In the manufacturing method of the package substrate 2 of the present invention, the protective layer 23 is formed on the second surface 21b of the first encapsulant 21 to prevent the second surface 21b of the first encapsulant 21 from being impacted by a hand or external force. The scratching can prevent the first encapsulant 21 from being broken, thereby reducing the scrap rate of the product.

Moreover, the protective layer 23 is formed on the second electrical connection pad 222, so that the second electrical connection pad 222 can be covered by the protective layer 23 before the packaging process, thereby preventing the second electrical property. Since the connection pad 222 is oxidized, the method of the present invention does not require an organic flux-preserving process, and the protective layer 23 is formed by a simple plating process, thereby effectively reducing the manufacturing cost.

3A to 3D are cross-sectional views showing the manufacturing method of the semiconductor package 3, 3' of the present invention.

As shown in FIG. 3A, the process of the second embodiment is continued to perform a packaging process by disposing at least one semiconductor component 25 on the crystal region D of the first surface 21a of the first encapsulant 21 by the adhesive layer 250 ( That is, as the first electrical connection pad 221' of the pad, the plurality of bonding wires 26 are electrically connected to the first electrical connection pad 221 of the semiconductor device 25 and the periphery of the crystal region D. In other embodiments, the semiconductor device 25 can also be disposed on and electrically connected to the first electrical connection pad 221 by using a flip chip.

Next, a second encapsulant 27 is formed on the first surface 21a of the first encapsulant 21 to encapsulate the semiconductor component 25 and the bonding wires 26. In the embodiment, the second encapsulant 27 is filled into the frame 20.

As shown in FIG. 3B, the protective layer 23 is removed to expose the second surface 21b of the first encapsulant 21 and the second electrical connection pad 222.

In this embodiment, the protective layer 23 is removed by etching, so that part of the material of the second electrical connection pad 222 is removed, and the second electrical connection pad 222 ′ is recessed into the first The second surface 21b of the encapsulant 21 is under the package.
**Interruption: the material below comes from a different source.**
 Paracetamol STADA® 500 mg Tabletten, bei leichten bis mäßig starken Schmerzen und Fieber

As shown in Fig. 3C, a ball bonding process is performed to form a plurality of solder balls 28 on the second electrical connection pads 222' to form the semiconductor package 3. The solder balls 28 at the crystal zone D can be used for heat dissipation.
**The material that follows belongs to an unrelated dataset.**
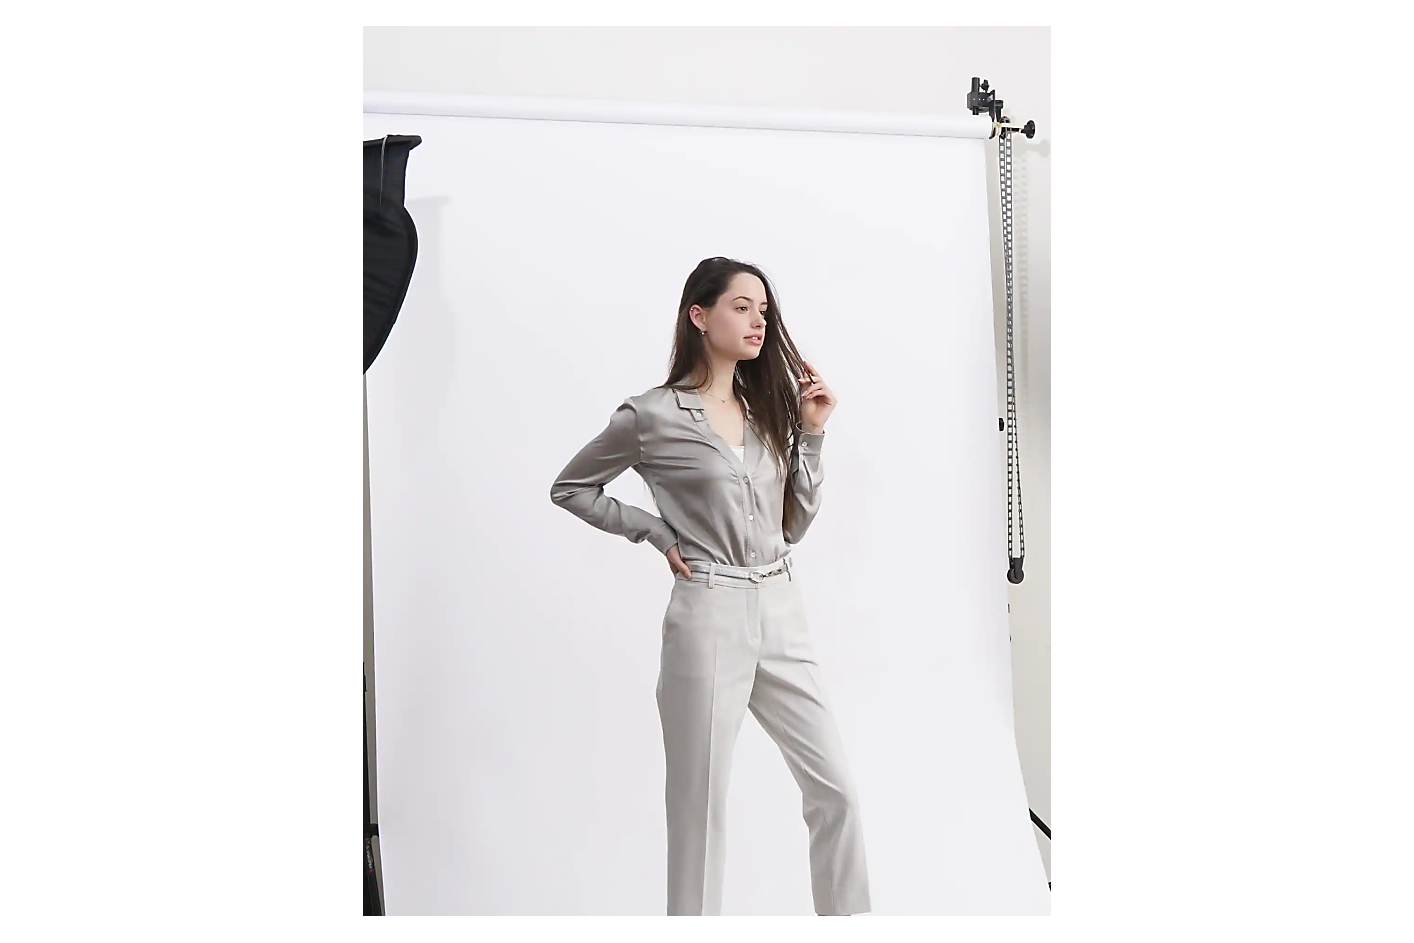 Una mujer con ropa gris clara posa frente a un fondo blanco en un estudio fotográfico.

In another embodiment, as shown in Fig. 3D, the cutting (e.g., the cutting path S shown in Fig. 3C) may be performed along the position of the frame 20 to form another semiconductor package 3'.
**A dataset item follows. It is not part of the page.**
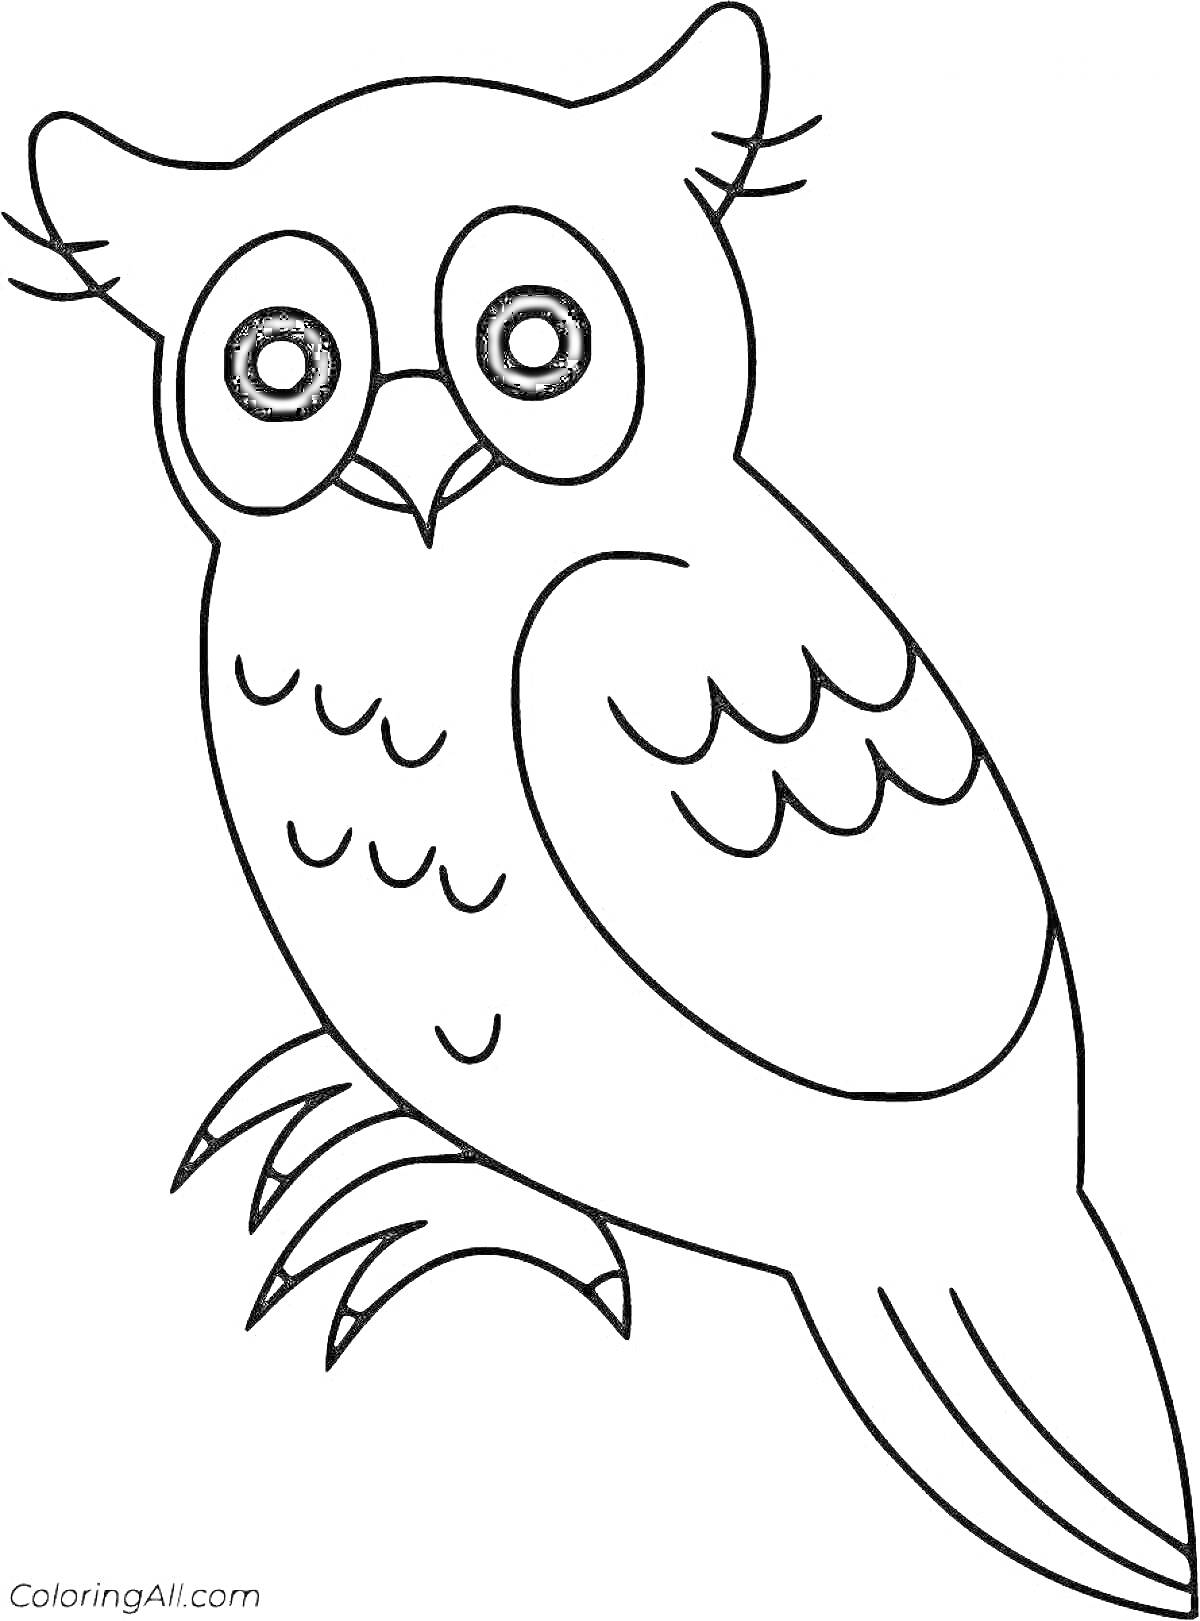 Раскраска Филин с ярко выраженными глазами, декоративными перьями на крыльях и хвостом

In the manufacturing method of the semiconductor package 3, 3' of the present invention, the second electrical connection pads 222' remove the protective layer 23 during the ball implantation process, so the second electrical connection pads 222' are not easy. Oxidation can reduce the drop of the solder ball 28, thereby increasing the ball placement rate.

Moreover, the protective layer 23 is removed before the ball-planting process is performed, so that the protective layer 23 can protect the first encapsulant 21 for a long period of time in the process, thereby effectively preventing the first encapsulant 21 from being scratched or chipped.

The present invention provides a package substrate 2 including a first encapsulant 21, a plurality of conductive elements 22 embedded in the first encapsulant 21, and a protective layer 23 disposed on the first encapsulant 21.

The first encapsulant 21 has a first surface 21a and a second surface 21b opposite to each other.

The conductive element 22 has a first electrical connection pad 221 , 221 ′ exposed on the first surface 21 a of the first encapsulant 21 , and a second electrical connection pad 222 disposed on the first electrical connection pad 221 . The second electrical connection pad 222 is exposed on the second surface 21b of the first encapsulant 21 .

In the present embodiment, the material of the first electrical connection pads 221, 221' is made of copper, and the material of the second electrical connection pads 222 is made of copper.

The protective layer 23 is disposed on the second surface 21b of the first encapsulant 21 and the second electrical connection pad 222.

In the present embodiment, the material forming the protective layer 23 is copper.

In one embodiment, the package substrate 2 includes a frame 20 disposed on the first surface 21a of the first encapsulant 21 and located at the periphery of the first electrical connection pads 221, 221'.

The present invention further provides a semiconductor package 3, 3', comprising: a first encapsulant 21, a plurality of conductive elements 22 embedded in the first encapsulant 21, and a semiconductor component disposed on the first encapsulant 21 25. A second encapsulant 27 encapsulating the semiconductor component 25.

The first encapsulant 21 has a first surface 21a and a second surface 21b opposite to each other.

In this embodiment, a first crystal surface D is defined on the first surface 21a of the first encapsulant 21 for providing the semiconductor device 25.

The conductive element 22 has a first electrical connection pad 221, 221' exposed on the first surface 21a of the first encapsulant 21 and is disposed on the first The second electrical connection pad 222' is electrically connected to the second surface 21b of the first encapsulant 21.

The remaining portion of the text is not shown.